Collected data =

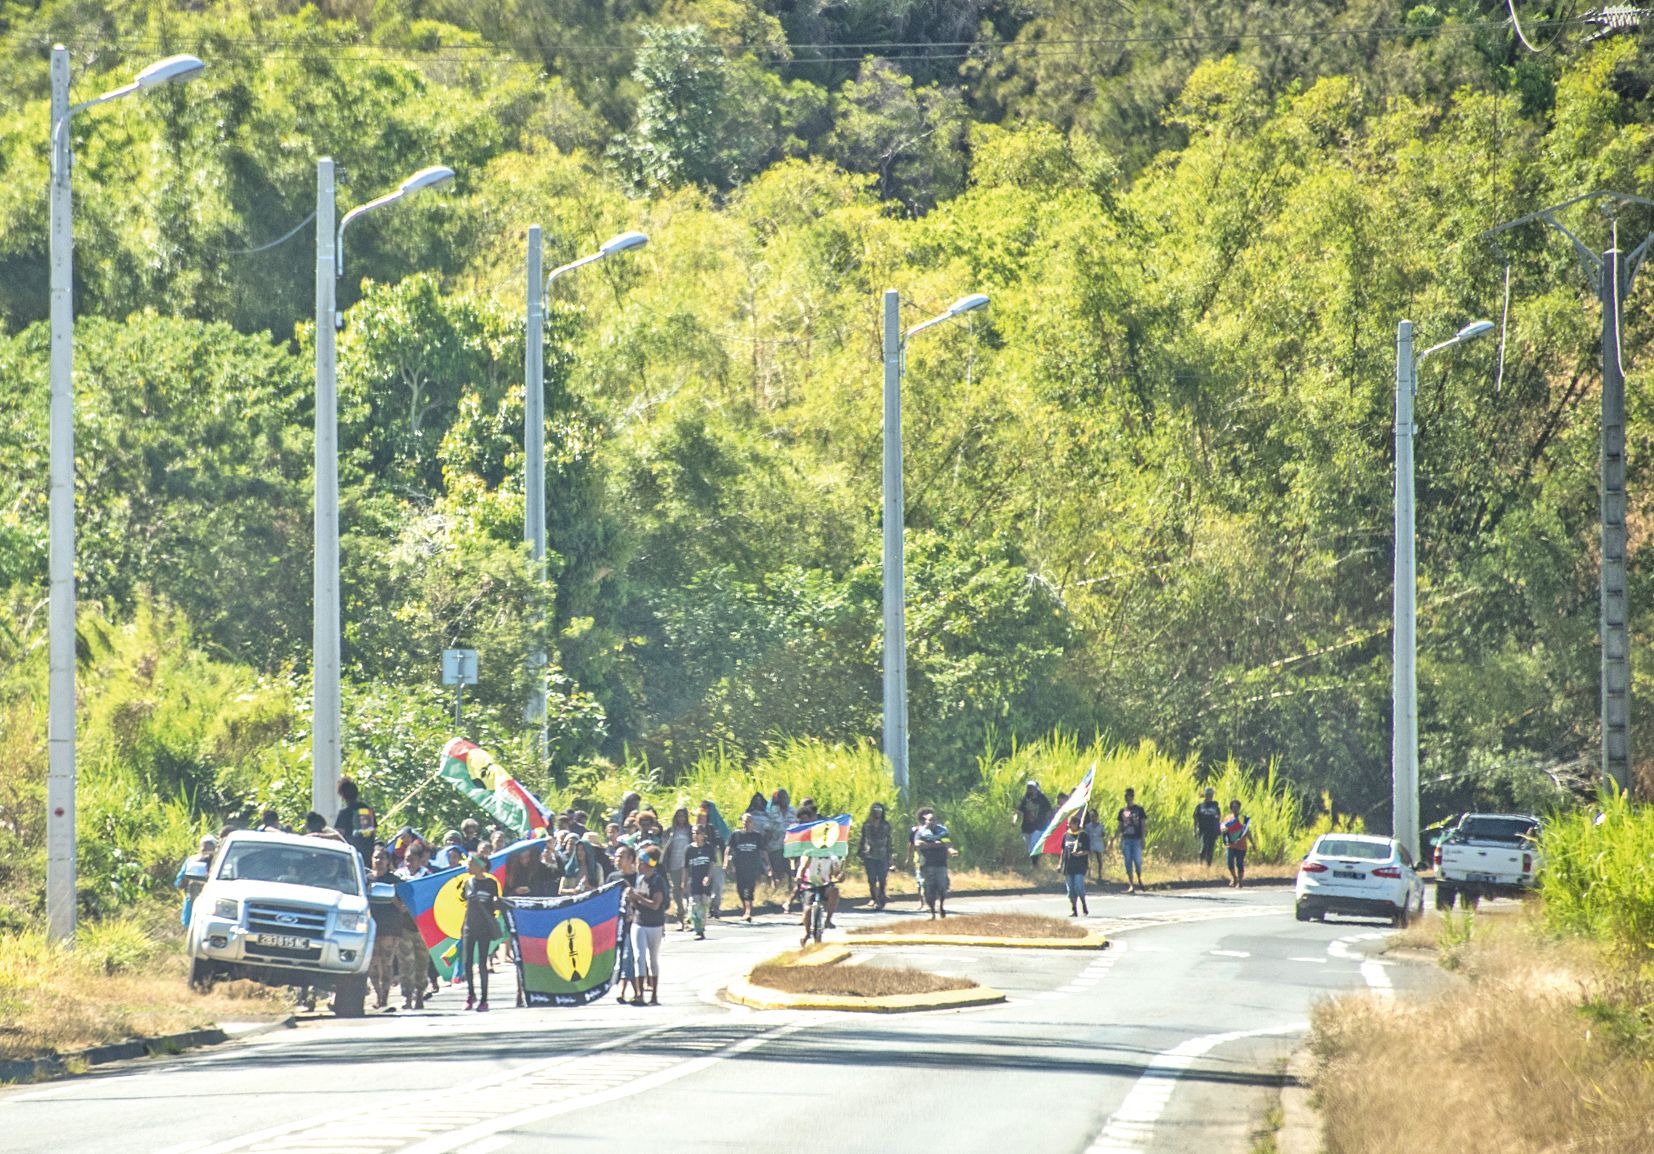 Une cinquantaine de personnes ont participé, dimanche, à une marche « pacifique » sur la RP1 en souvenir de William  Decoiré, tué par un tir de gendarme il y a un an. Quelques heures plus tard, des actes de violences ont éclaté sur la route.
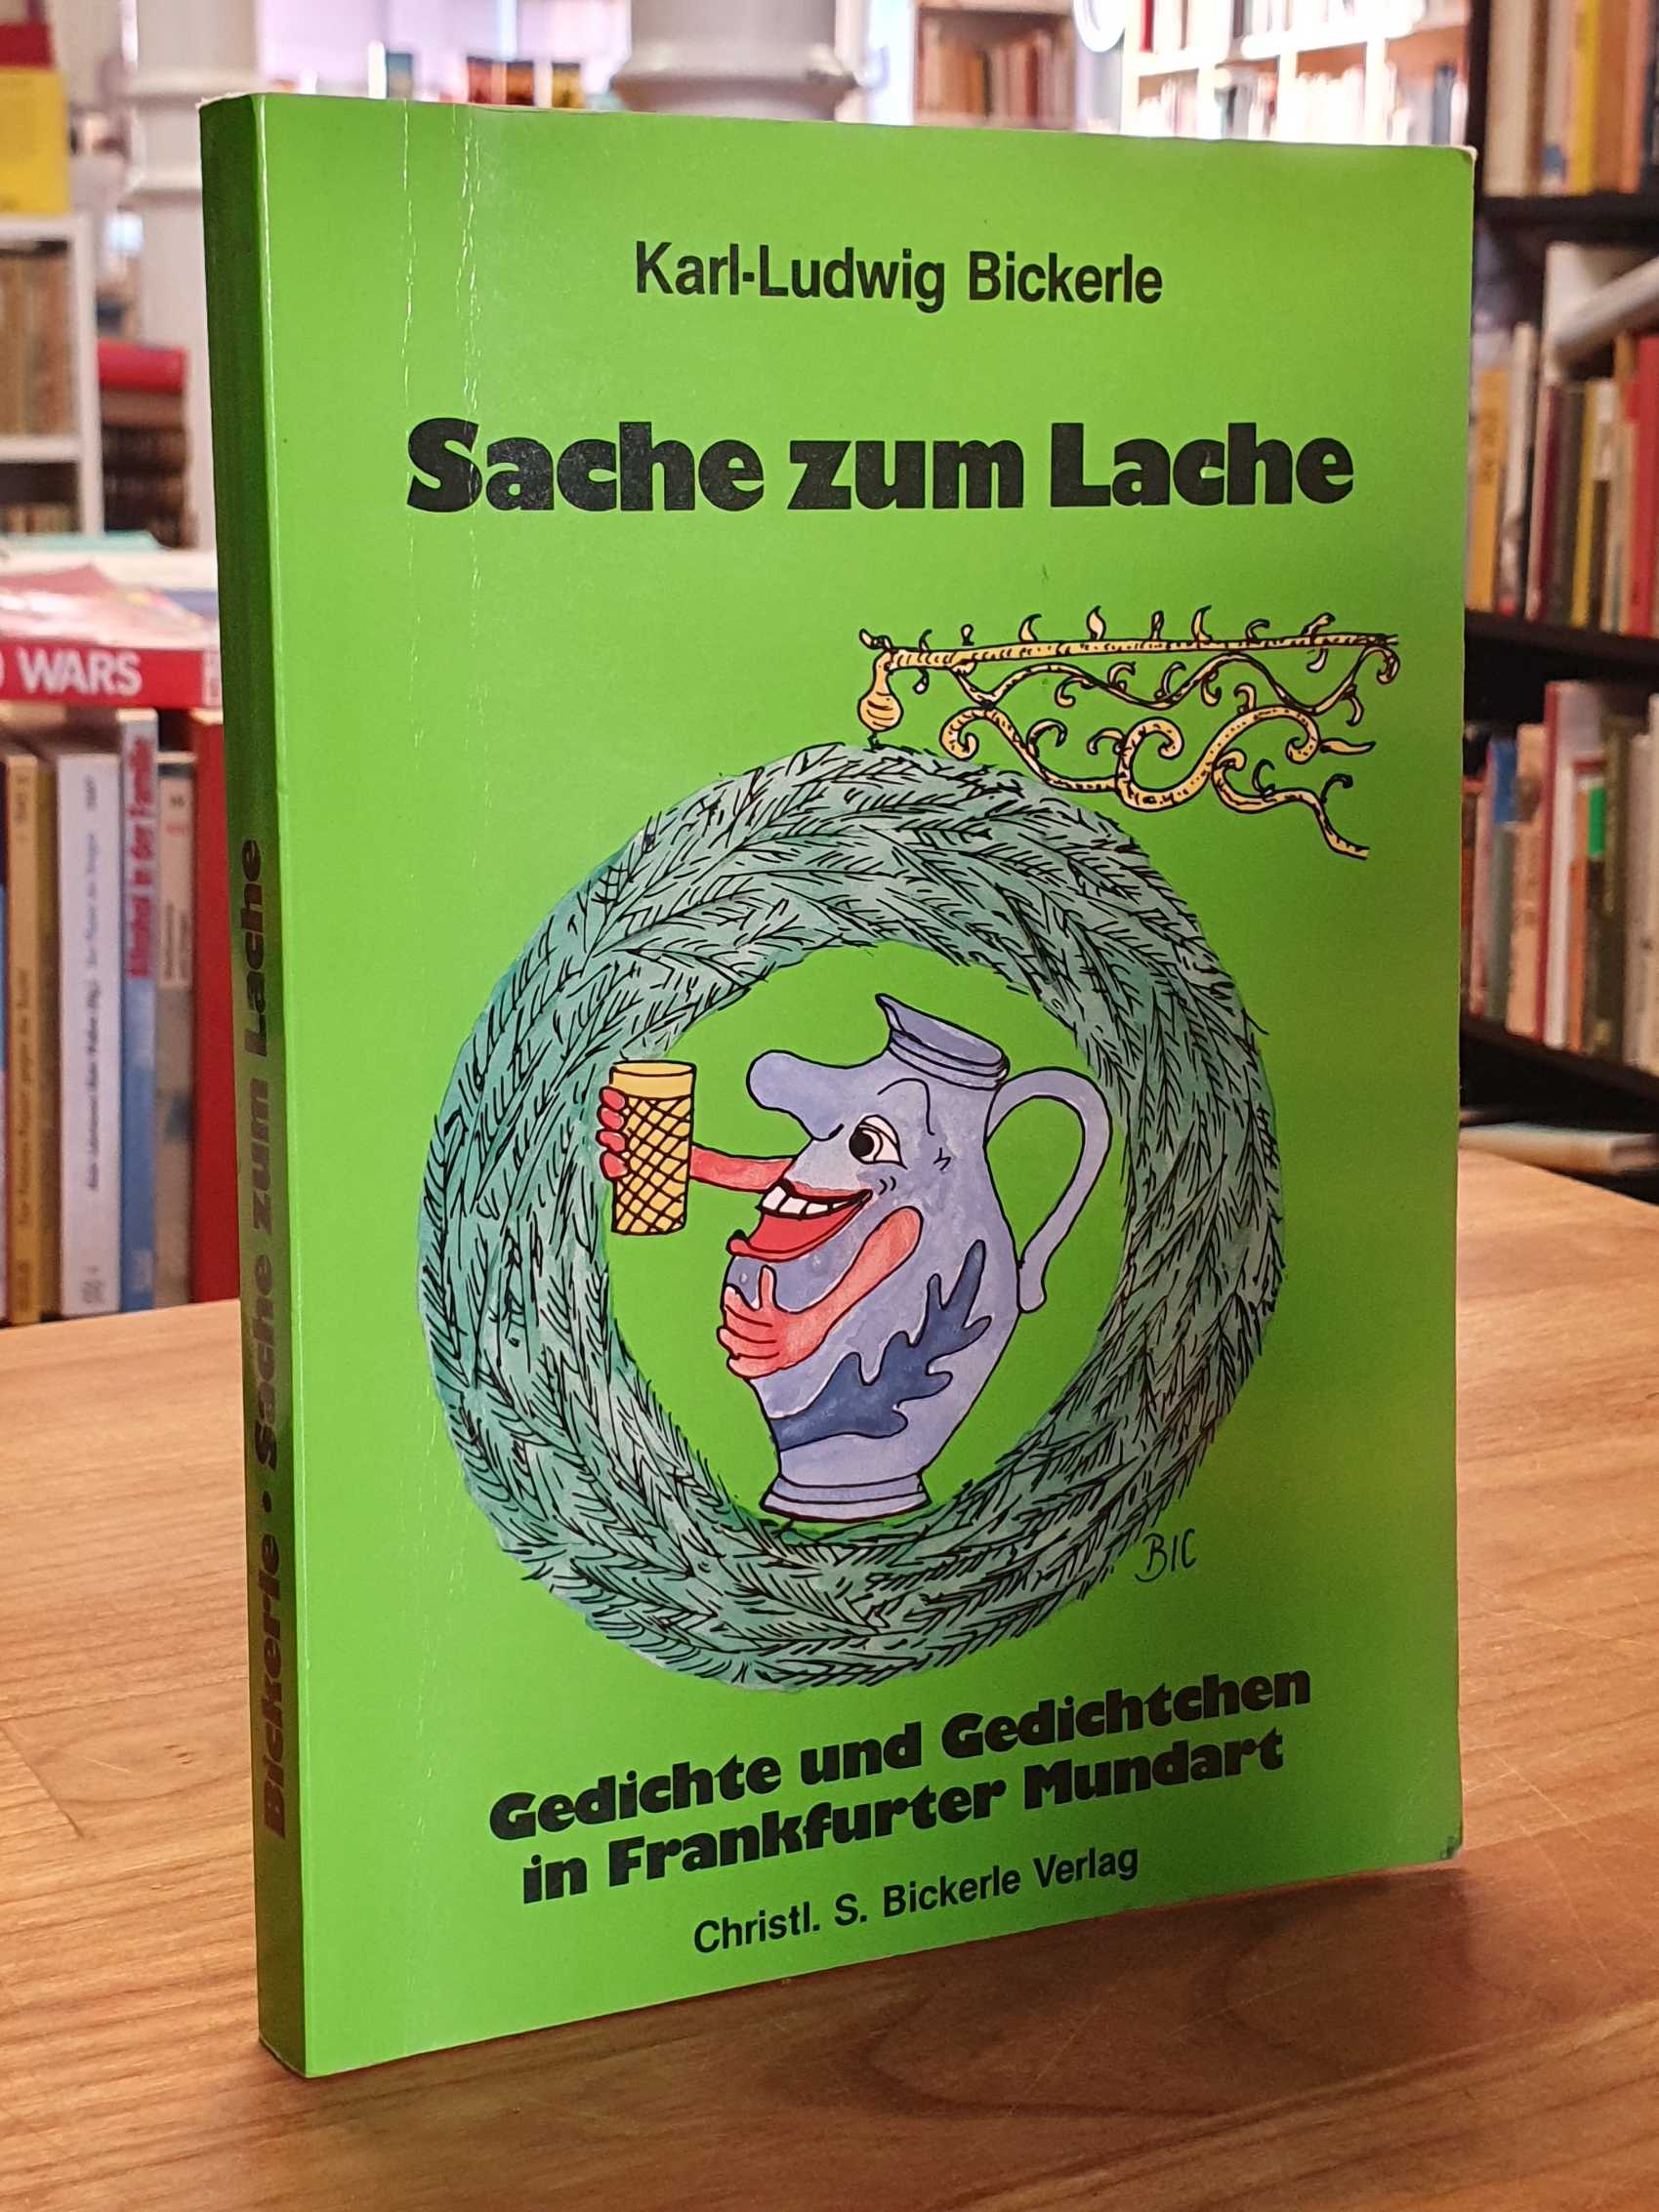 Bickerle, Sache zum Lache – Gedichte und Gedichtchen in Frankfurter Mundart (sig
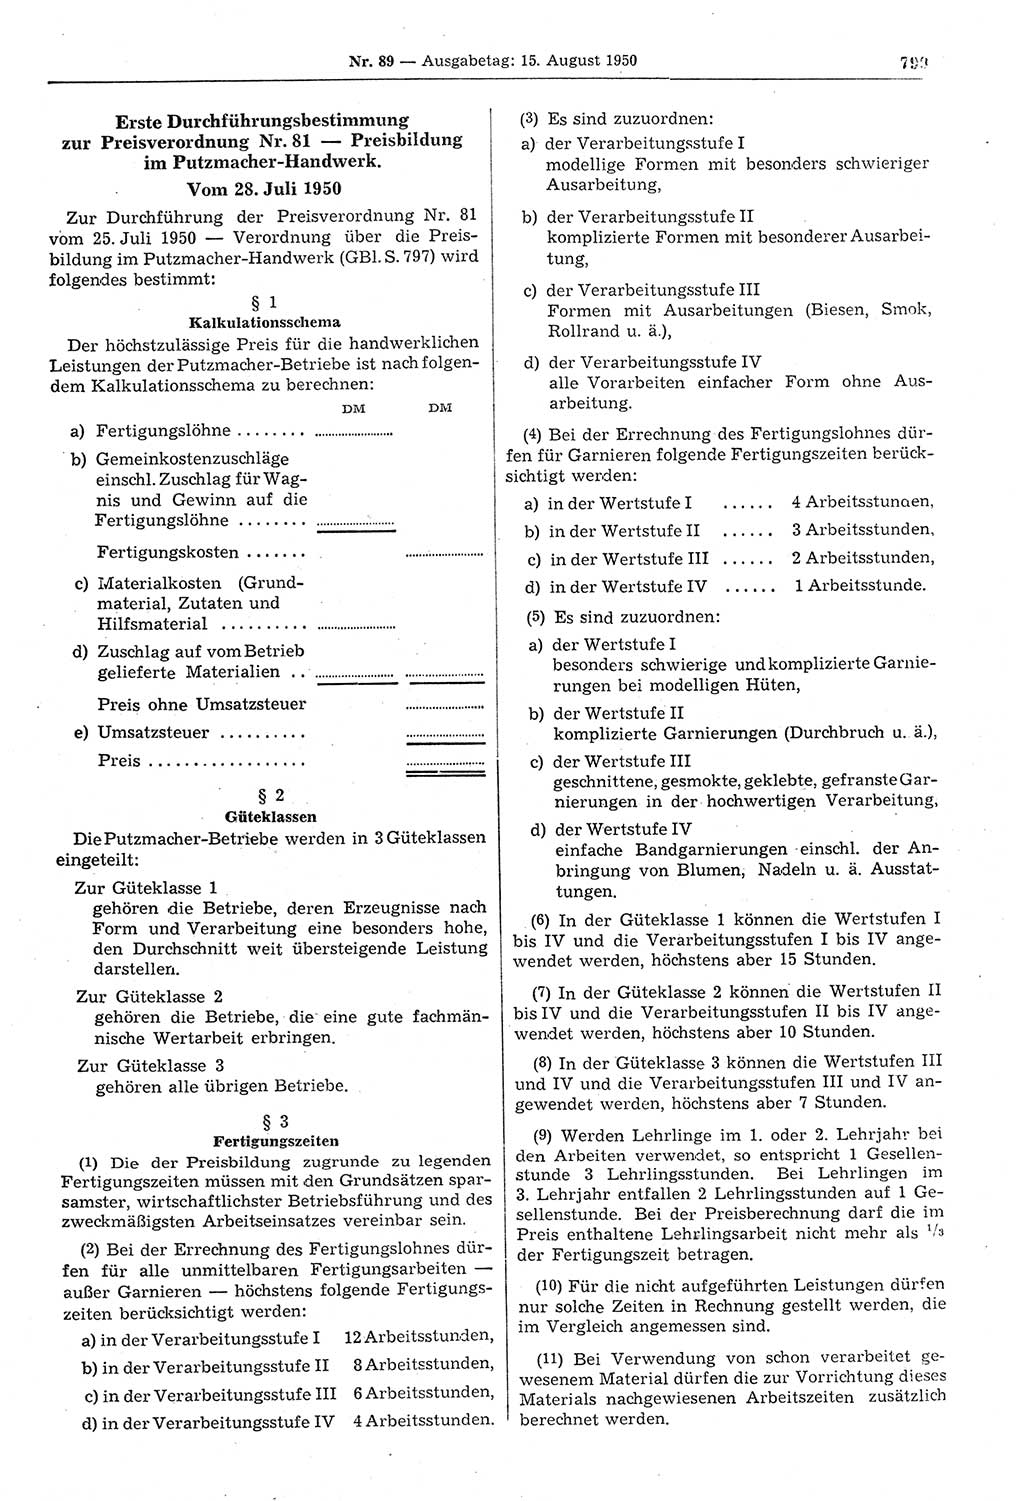 Gesetzblatt (GBl.) der Deutschen Demokratischen Republik (DDR) 1950, Seite 799 (GBl. DDR 1950, S. 799)
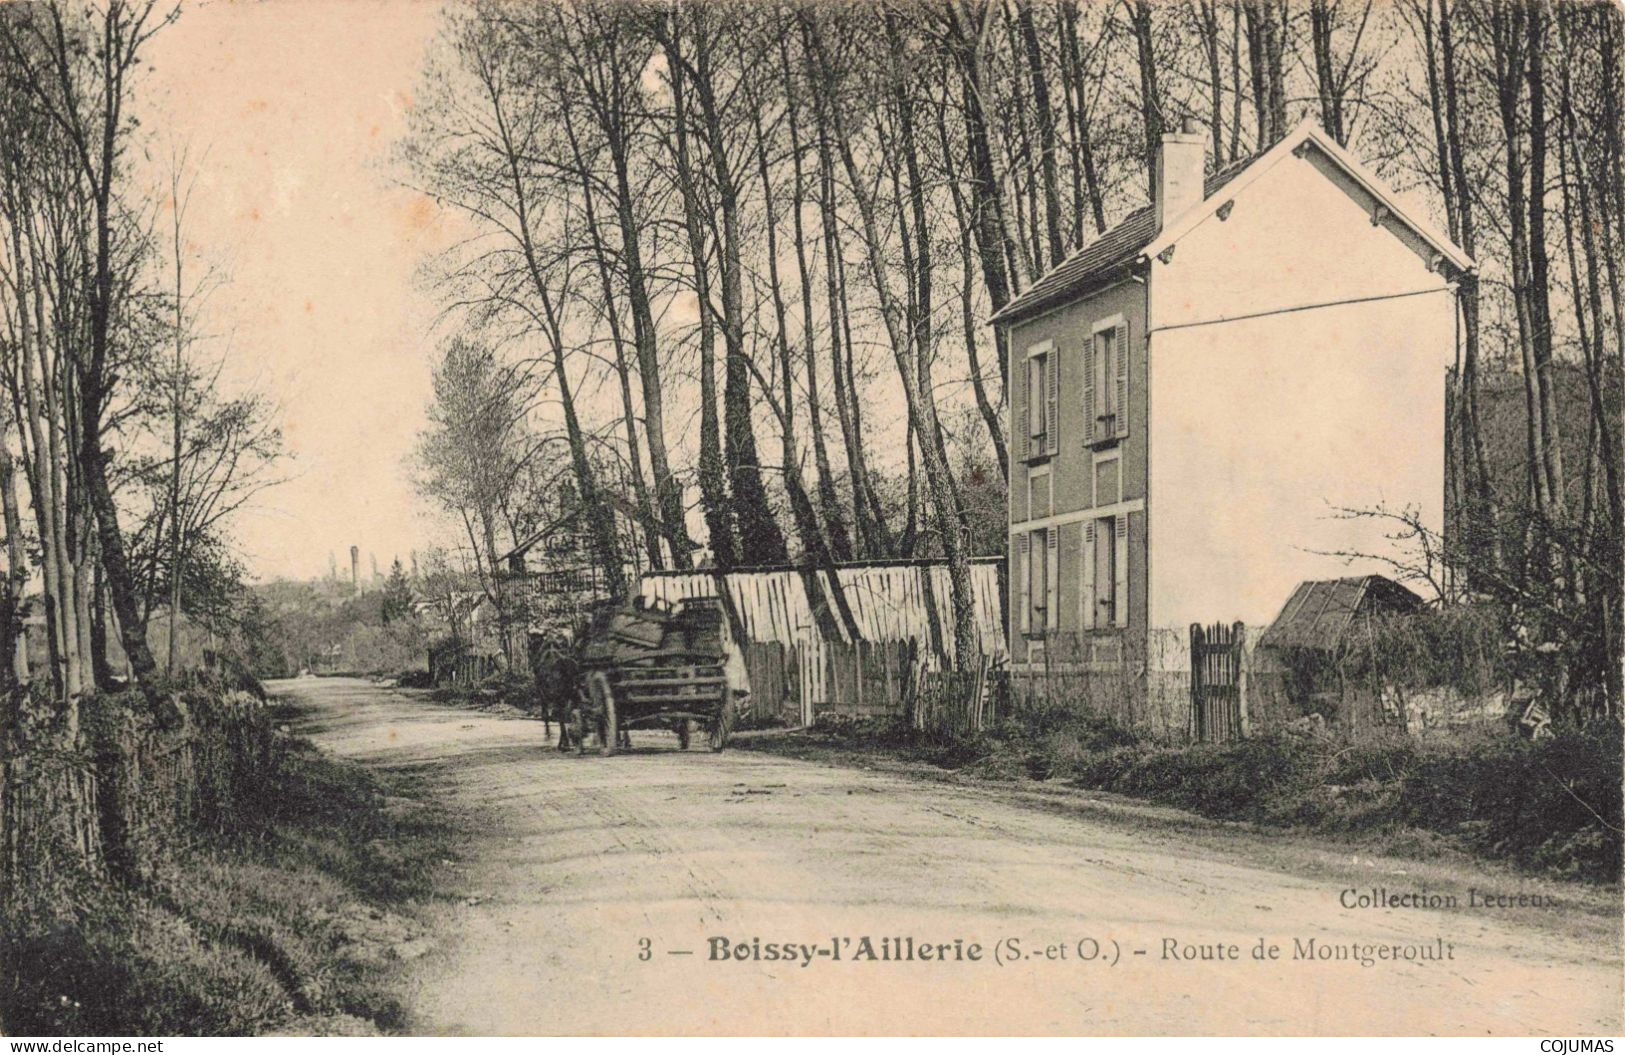 95 - BOISSY L AILLERIE - S17723 - Route De Montgeroult - Pli - Boissy-l'Aillerie

Work required =
Copy the listing above exactly, minus the pictures.

Exercise output =
 Une cinquantaine de personnes ont participé, dimanche, à une marche « pacifique » sur la RP1 en souvenir de William  Decoiré, tué par un tir de gendarme il y a un an. Quelques heures plus tard, des actes de violences ont éclaté sur la route.
 Bickerle, Sache zum Lache – Gedichte und Gedichtchen in Frankfurter Mundart (sig
 Gesetzblatt (GBl.) der Deutschen Demokratischen Republik (DDR) 1950, Seite 799 (GBl. DDR 1950, S. 799)
 95 - BOISSY L AILLERIE - S17723 - Route De Montgeroult - Pli - Boissy-l'Aillerie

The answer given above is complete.